Now that you have a csv, where every row has the same number of fields, it's ready to import into Pandas.

When cleaning and manipulating your data, having it in a Pandas dataframe will make it easier to clean because you can specific columns and apply functions to them that parse the data exactly as you want.

Having our data in a pandas dataframe makes it easier to work with and fix problems.



In [448]:
import pandas as pd
df = pd.read_csv("Tweets.csv",sep=",",header=0)

In the above code, we first import the pandas library.

Next, we make read our csv file into a dataframe called df.

We specify that the fields are separated by a comma (sep= ",") and we say that the column titles (i.e., the header) is on the 1st row of the file  (header = 0)

### Looking at columns

The column names are stored in a variable called "columns" on the data frame object.

To see the current column names in a list, simply access the column variables

In [None]:
df.columns

Right now though, our column names aren't very descriptive.

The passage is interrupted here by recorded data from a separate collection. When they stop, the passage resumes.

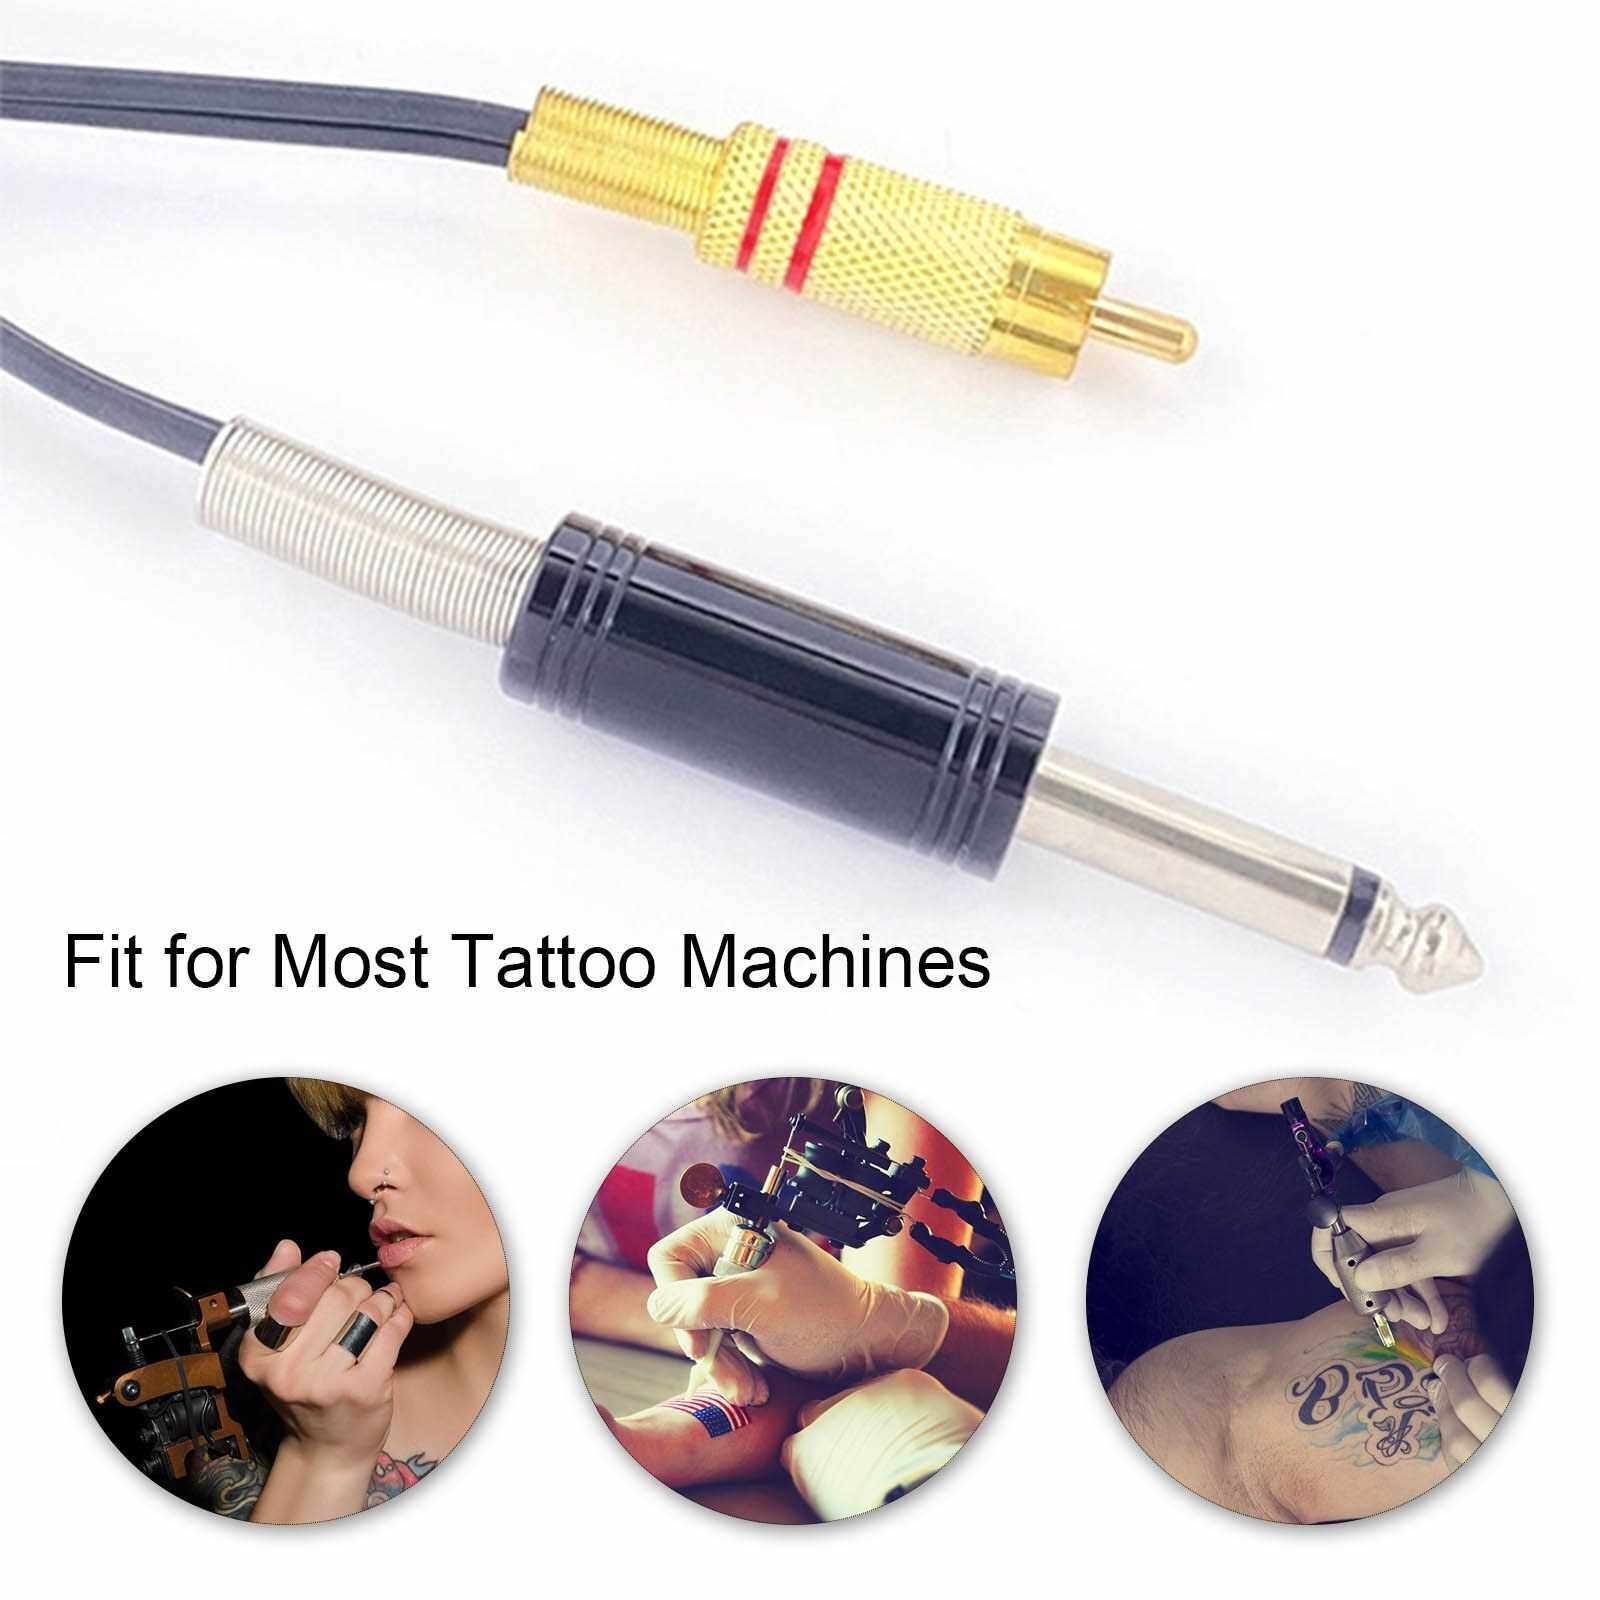 BEST SELLER Silicone Tattoo RCA Connector Cords Cable for Rotary Tattoo Pen Tattoo Machines Power Cord Ultra Soft (Black)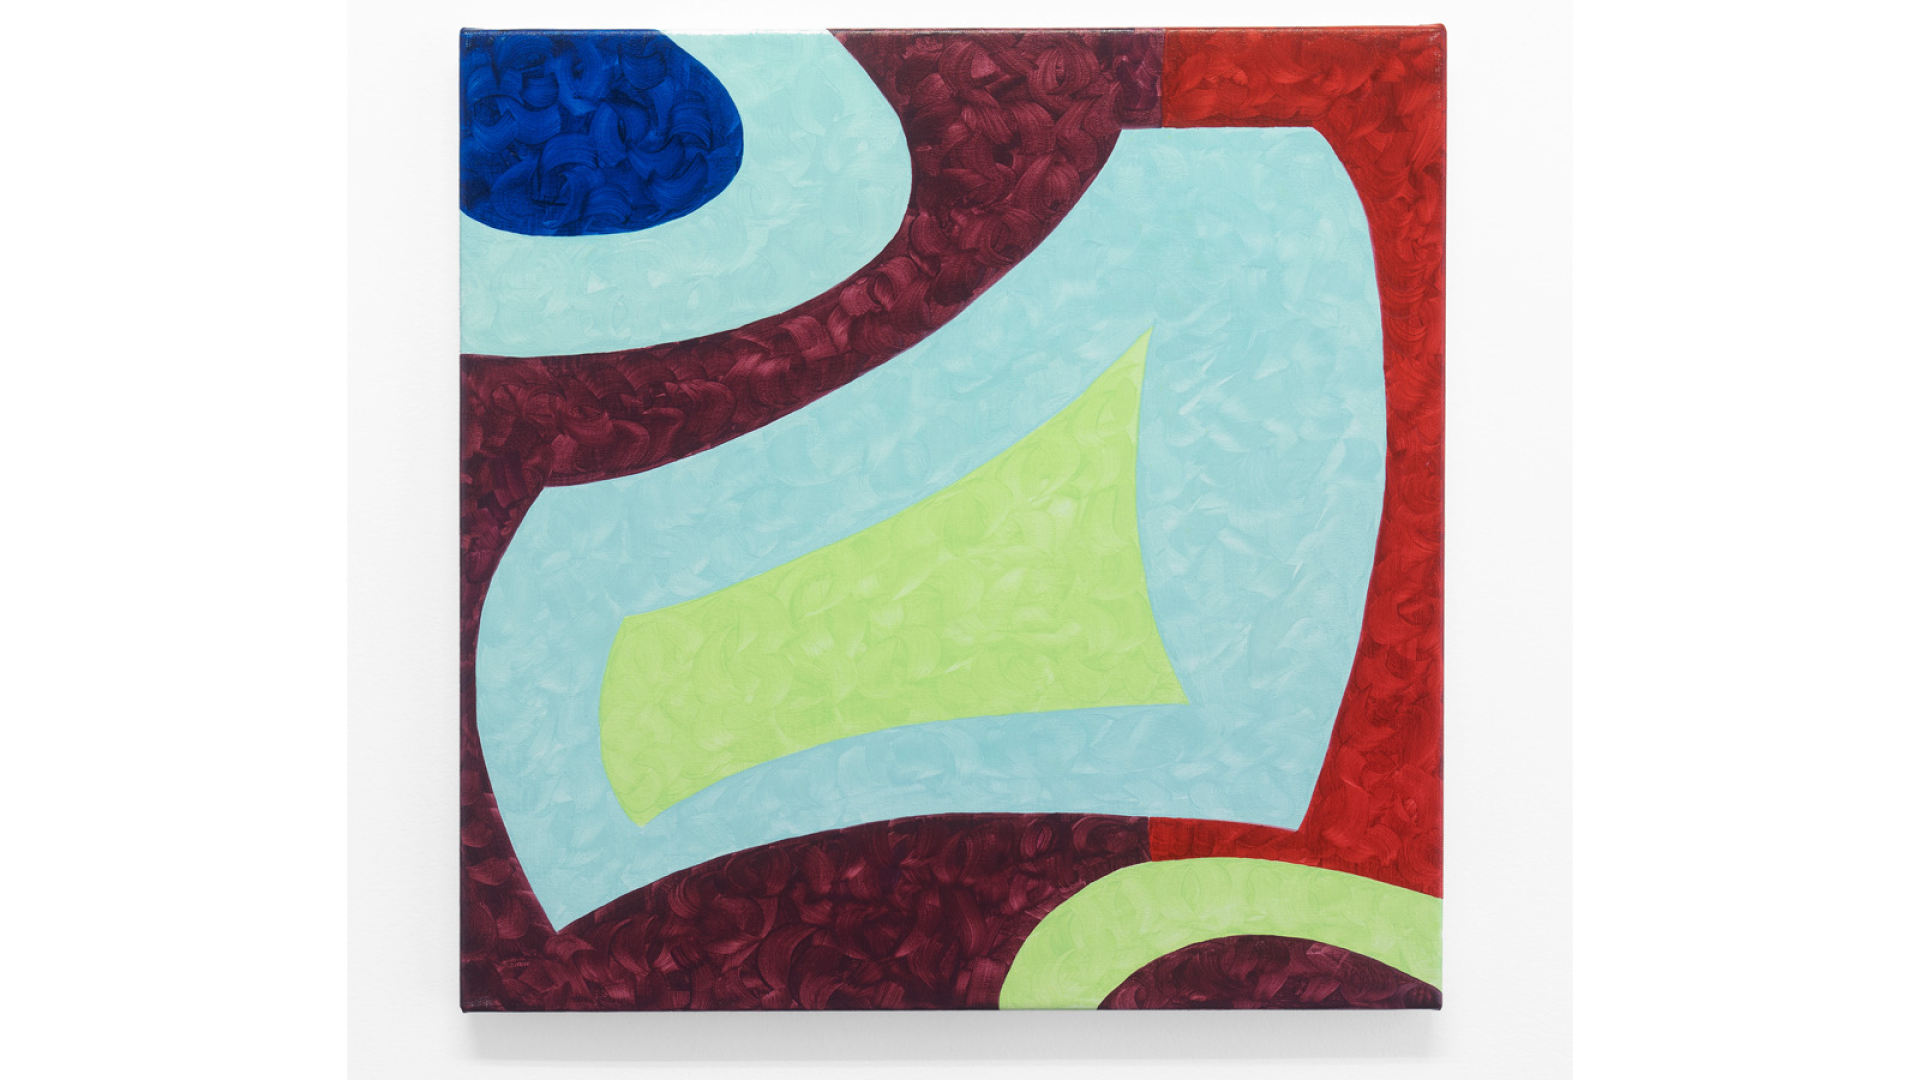 I square oil painting made up of dynamic hard edged and circular shapes in various tones of red, green and blue, built up from small texural brush strokes.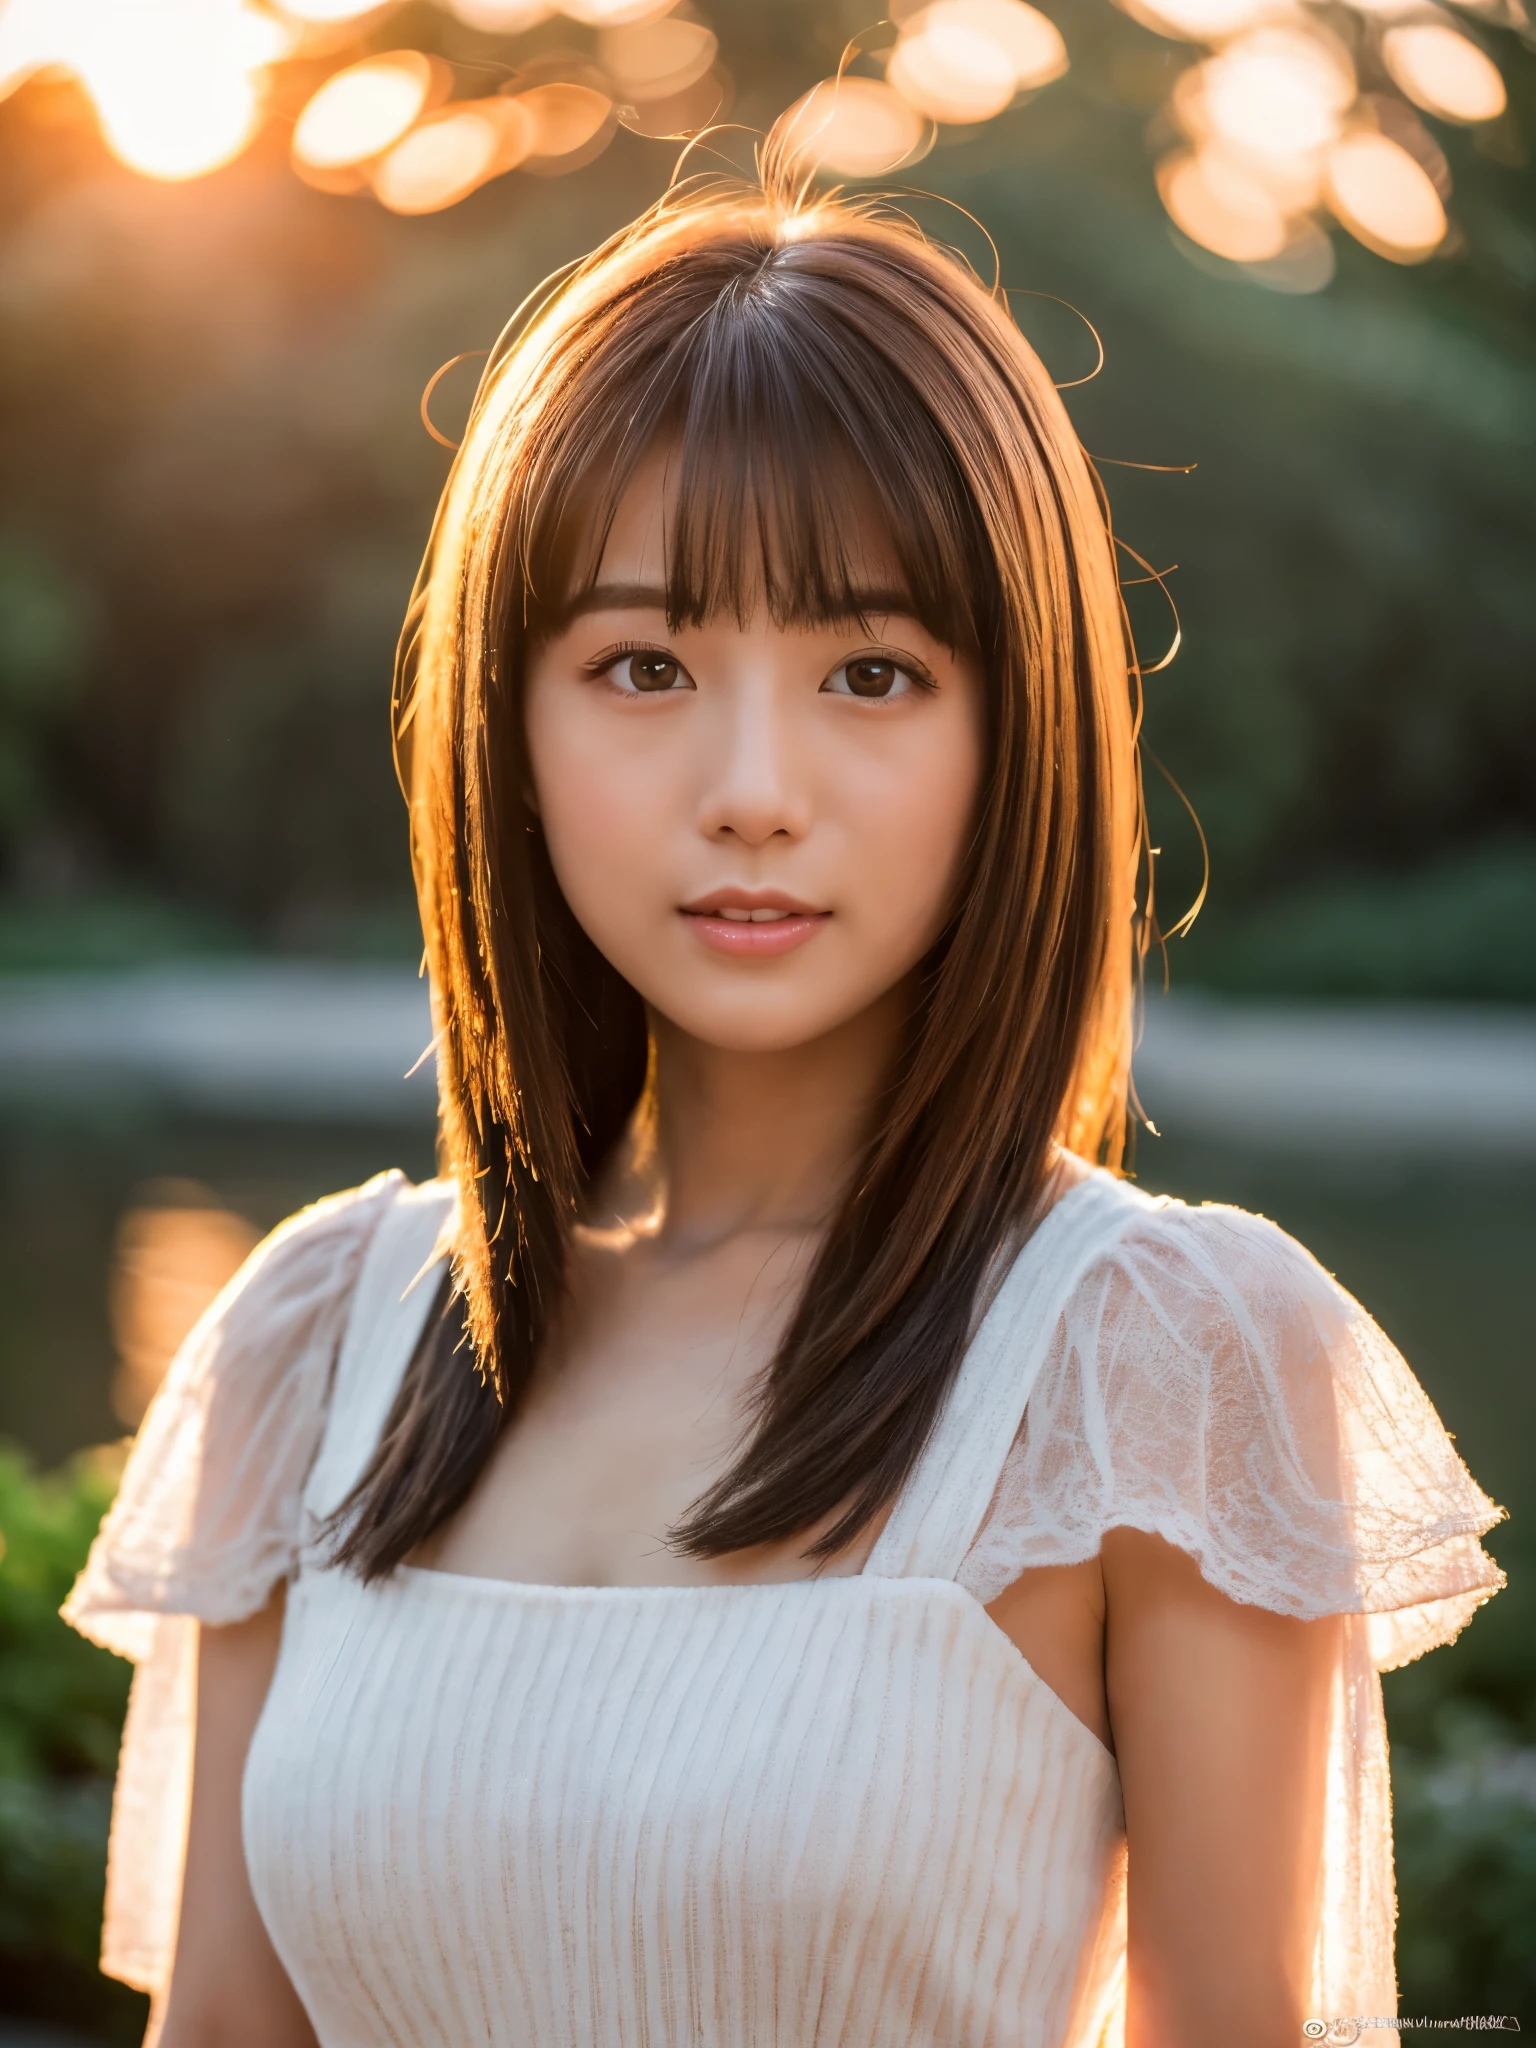 1 Japanese lady, Extremely beautiful, (Extremely cute), (extremely detailed beautiful face), Amazing face and eyes, rather dense hair、bob cuts、slightly brighter eyes、normal makeup、(Mini dress with camisole)、(Best Quality:1.4), (Ultra-detailed), extremely detailed CG unified 8k wallpaper, A hyper-realistic, (Photorealsitic:1.4), full body Esbian、Raw photography, professional photograpy, Cinematic lighting, Realistic portrait, ((Bokeh)), (depth of fields:1.4), (View photographer:1.3)、40 years old、(Inokashira Park),(Inokashira Pond)、(full body Esbian)、Accurate eyes、Beautiful mouth、(Keep your mouth completely closed)、(early evening:1.3)、(look at a camera)、(brilliant sunset:1.25)、(Orange evening sky:1.25)、no sleeveelancholy look

We can replace the column names by resetting the variable to be what we want them to be.

We have another file with the list of questions.

Let's open that file and read the questions into a list.

We'll have to make sure that there are no spaces in the variable names

Then we'll set the columns of our data frame to be equal to that list.

In [None]:
import string

new_column_names =[]
with open("question_data.csv", "rb") as f:
    f.next()
    for line in f:
        if ";" in line:
            question=line.split(";")[1].split(";")[0]
            question = filter(lambda x:x not in string.punctuation,question)
            new_column_names.append(question)
new_column_names       
#df.columns = new_column_names

### Re-naming variables

If we just wanted to rename one variable, we could use the rename function, and then pass on a dictionary with the old column name and the new column name. The inplace parameters makes pandas update the dataframe

In [None]:
df.rename(columns = {'name':'username'},inplace=True)
print df.columns

# Issue 1: Dealing with Missing Values

We ideally want our pandas dataframe to know what data is missing (i.e., not present in the field where it belongs).

That is, you want pandas to represent that data point with the built in Nan value. NaN stands for "Not a Number", and is part of the numpy library (np.nan)

If our missing data is not represented as np.nan, then problems can happen later when we try to drop or impute missing fields.

Therefore, it's important to make sure that missing fields are stored as np.nan

To do this, you have to think of all of the possible ways missing values can be present in the text

- Blanks
- NaN
- -999
- Blank
- - 
- None

Then, you want to recode every instance of those values in the column so that you replace the different missing values with the same pandas compatible value (np.nan) each time.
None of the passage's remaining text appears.